Computational Sensing in Biophotonics and Diagnostics
- Author(s): Ballard, Zachary
- Advisor(s): Ozcan, Aydogan
- Madni, Asad M
- et al.
Over the past decades the dramatic increase in computational resources coupled with the advent of machine learning and artificial intelligence has profoundly impacted sensor technology. Together, these trends present a new opportunity for data-driven computational sensor design, where acquisition hardware is fundamentally changed to “lock-in” to the optimal sensing data with respect to a user defined cost function. This dissertation addresses this emerging opportunity, referred to herein as computational sensing, with a focus on applications in biophotonics and diagnostics where there is currently high-demand for cost-effective and
compact sensing systems for democratizing global health. Therefore, several examples of computational sensing systems will be presented, all of which leverage machine learning and data-driven design principles to enable low-cost, compact, and sparse implementations well-suited for the point-of-care among other settings.
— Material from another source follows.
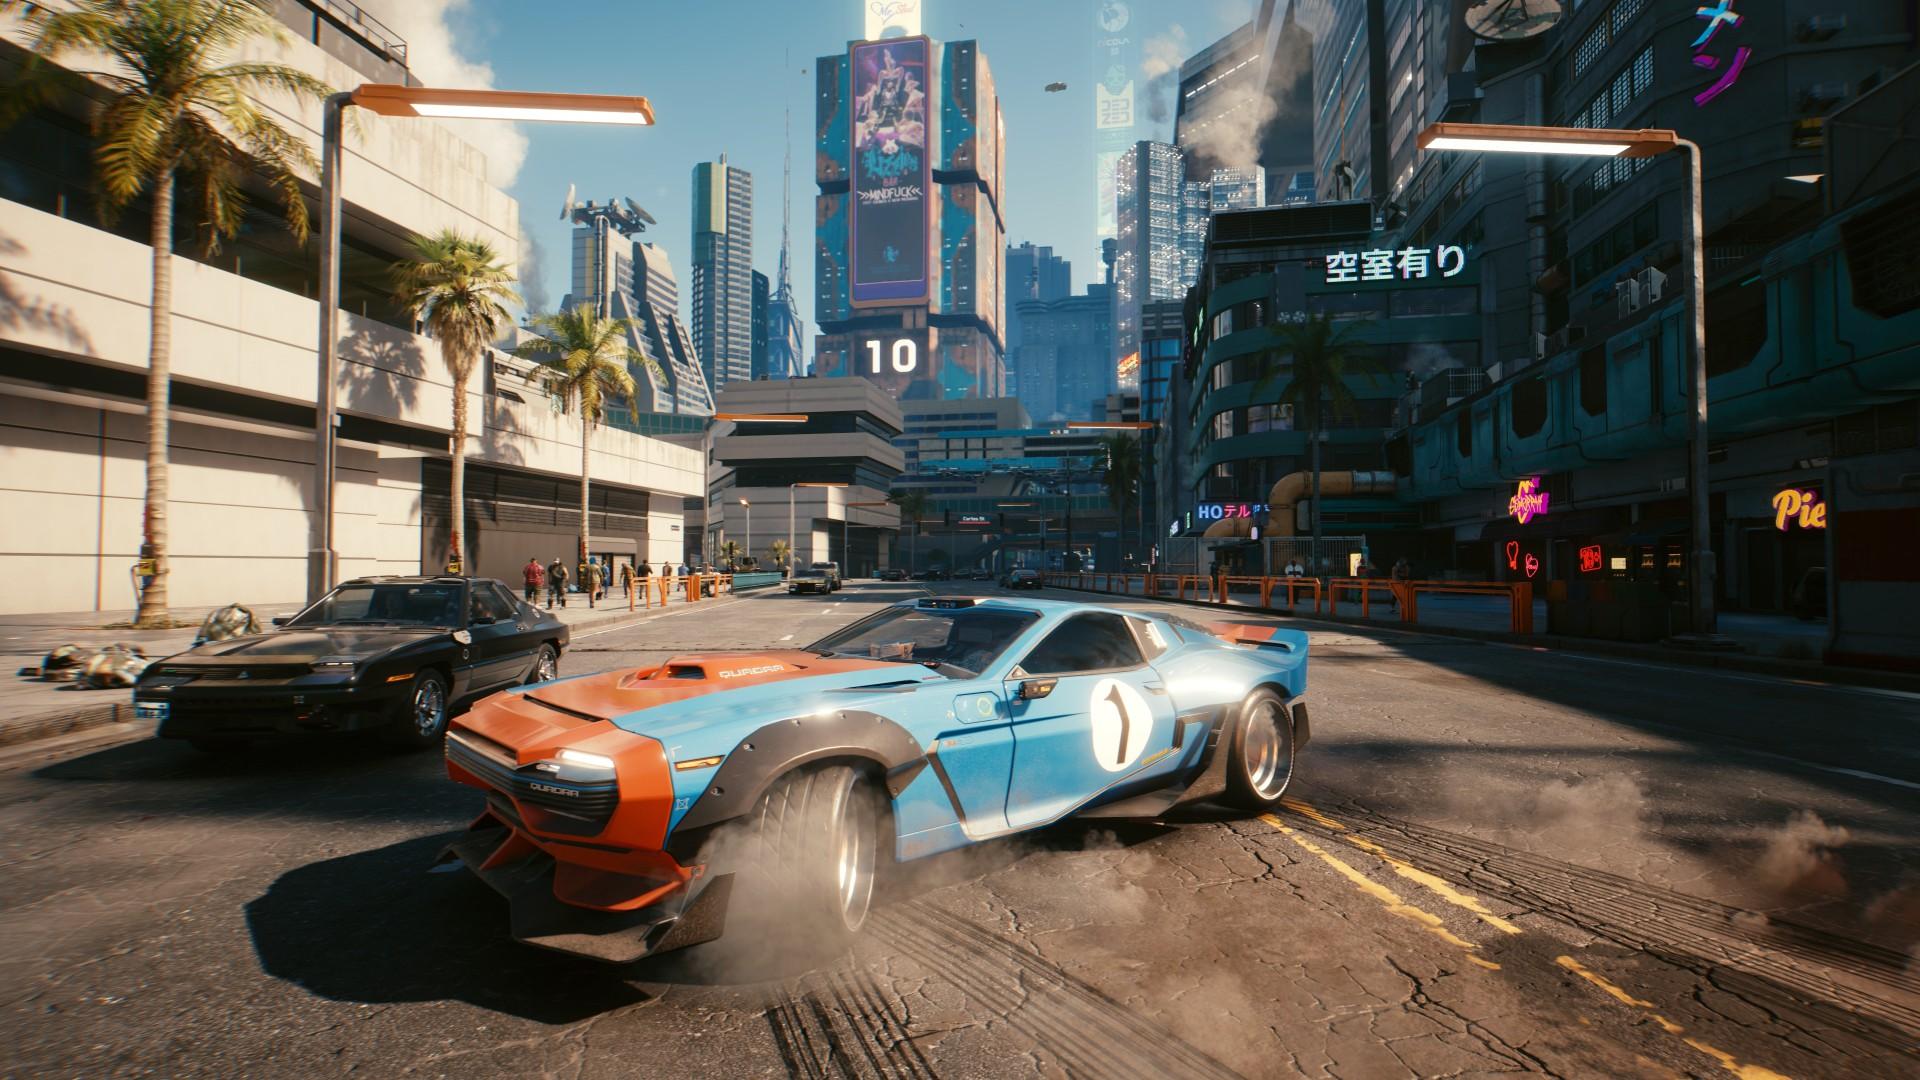 《赛博朋克2077》海量新截图:超多车辆任你选用 澳博体育-平台入口

Firstly, I will discuss a multiplexed paper-based vertical flow assay and reader for biomarker quantification at the point-of-care. I will show how deep learning and statistical analysis of the multiplexed sensor response can be leveraged to improve accuracy, dynamic range, and limit-of-detection, greatly enhancing the sensing capabilities beyond that of the traditionally employed lateral flow assay. Additionally, I will demonstrate feature selection techniques which can serve as a toolbox for iterative assay development, sensor design, and cost-performance optimization. Two applications in point-of-care diagnostics will be presented with this platform, one being a clinical study for early-stage Lyme Disease diagnoses, and the other, a clinical study for cardio-vascular risk assessment by the high-sensitivity C-Reactive Protein test. Secondly, Localized plasmon resonance (LSPR) sensors and their corresponding readers will be discussed as computational sensing systems for label-free biomolecular sensing. Through machine learning of spectral characteristics, I will present how the corresponding LSPR sensor reader can be jointly designed with the LSPR sensor to optimize read-out accuracy while minimizing cost by computationally selecting from cost effective illumination optics. Lastly, a fundamentally different hardware design for spectroscopy, enabled by deep learning, will be demonstrated and discussed for application-specific performance advantages in terms of acquisition rate, form factor, and cost.